Tru Green will conduct a lawn analysis to incorporate any findings into each lawn care program. This analysis covers facts such as what types of grasses are prevalent in the lawn, the turf density and color, the soil type, any problem grasses, and the lawn's exposure to sunlight and shade.

Mr. Forth says homeowners should take advantage of TruGreens' expertise in the agronomic and horticultural fields. He points out that homeowners can cause more damage to their lawn if they try to treat problems on their own.

Mr. Forth says that, for example, he has seen his own neighbors use the product Roundup incorrectly because they didn't read the label and don't realize that the product also kills grass as well as weeds. "People are generally ill-informed because they get most of what they know from commercials," Mr. Forth says.

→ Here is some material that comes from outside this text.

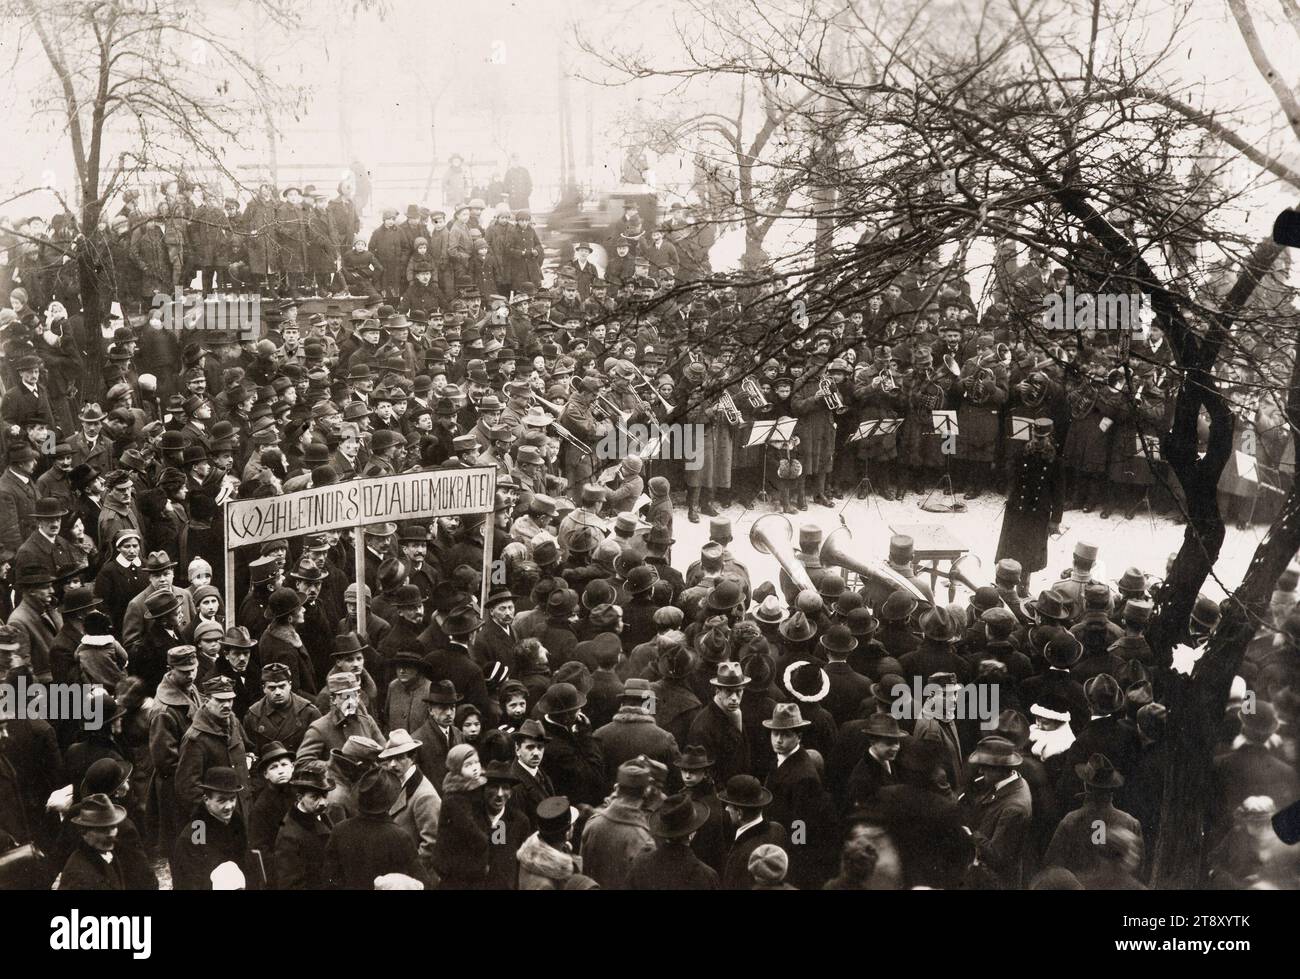 Agitazione elettorale moderna, Richard Hauffe (1878-1933), fotografo, 1919, fotografia, Assemblea politica, politica, riunione, assemblea, la collezione di Vienna Foto Stock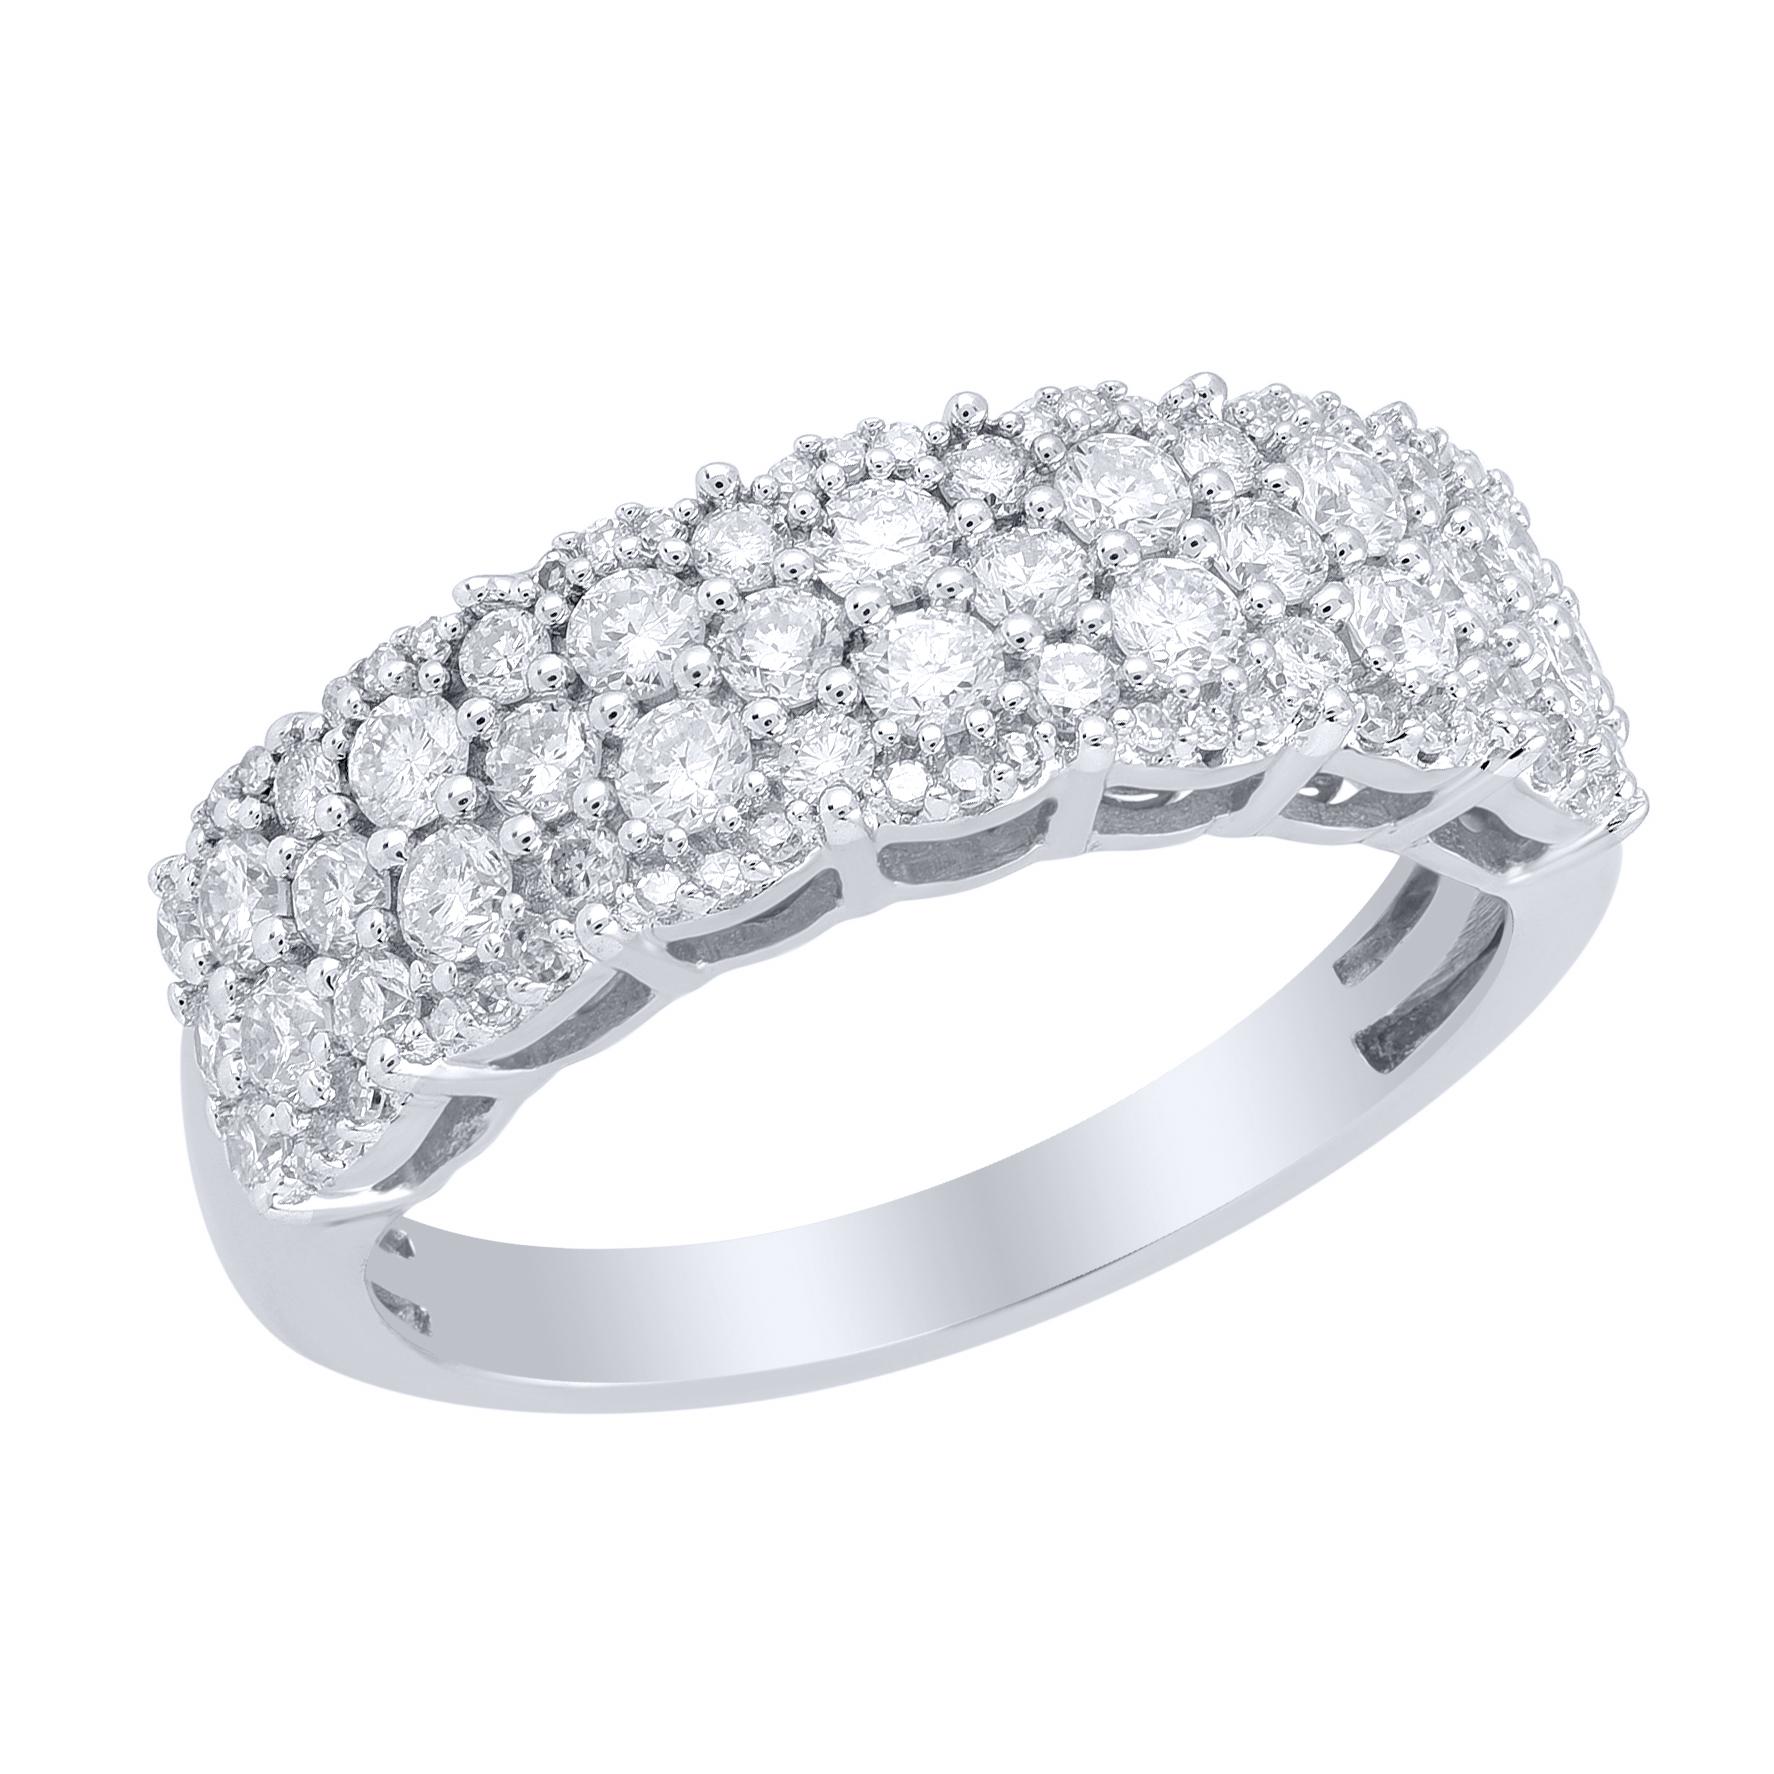 Ehren Sie Ihren besonderen Tag mit diesem außergewöhnlichen Diamantring. In diesem Ring funkeln 80 Diamanten im Brillantschliff und runde Diamanten im Einzelschliff in einer schönen Zackenfassung. Das Gesamtgewicht der Diamanten beträgt 1,0 Karat.

The Lawn Doctor offers custom care services that meet the unique needs of each lawn.

Mike Lancaster, manager and owner of Lawn Doctor in Fairfax, says the company's patented equipment allows lawn care specialists to calibrate and to analyze, for example, exactly how much fertilizer a specific lawn needs.

The Lawn Doctor offers a basic program of five visits for $280 a year for an average-sized lawn. This will cover all fertilizing, weed control, and insect control for surface feeding insects. If customers sign up for the five visits, Lawn Doctor will respond to any problems between appointments, free of charge. Mr. Lancaster says 75 percent of his clients request the basic program, along with grub preventative and lime.

"The key is treating each lawn individually, and being able to service as well as we can," Mr. Lancaster says. "We do the right thing at the right time of the year."

Mr. Lancaster says he tries to educate his customers by providing them with the facts they need to water and mow their lawns, and the maintenance plan that needs to be followed once their lawn is in shape.

If you enjoy working on your lawn and decide you want to be responsible for the appearance of it, lawn care professionals say the steps you take in the next few months are critical to ensuring a luscious lawn in the spring.

Fall is the time for aerating and seeding.

Matt Williams, manager of the Garden Care Division of Garden Gate Landscaping in Silver Spring, says September is the prime time for seeding, core aeration, and in late summer the focus should be weed control. "Give your lawn two applications of fertilizer one in September, and one in October," he advises.

Mr. Williams says you should also ensure that your lawn is limed every three years with dolomitic limestone, because most soils in this region are deficient in magnesium.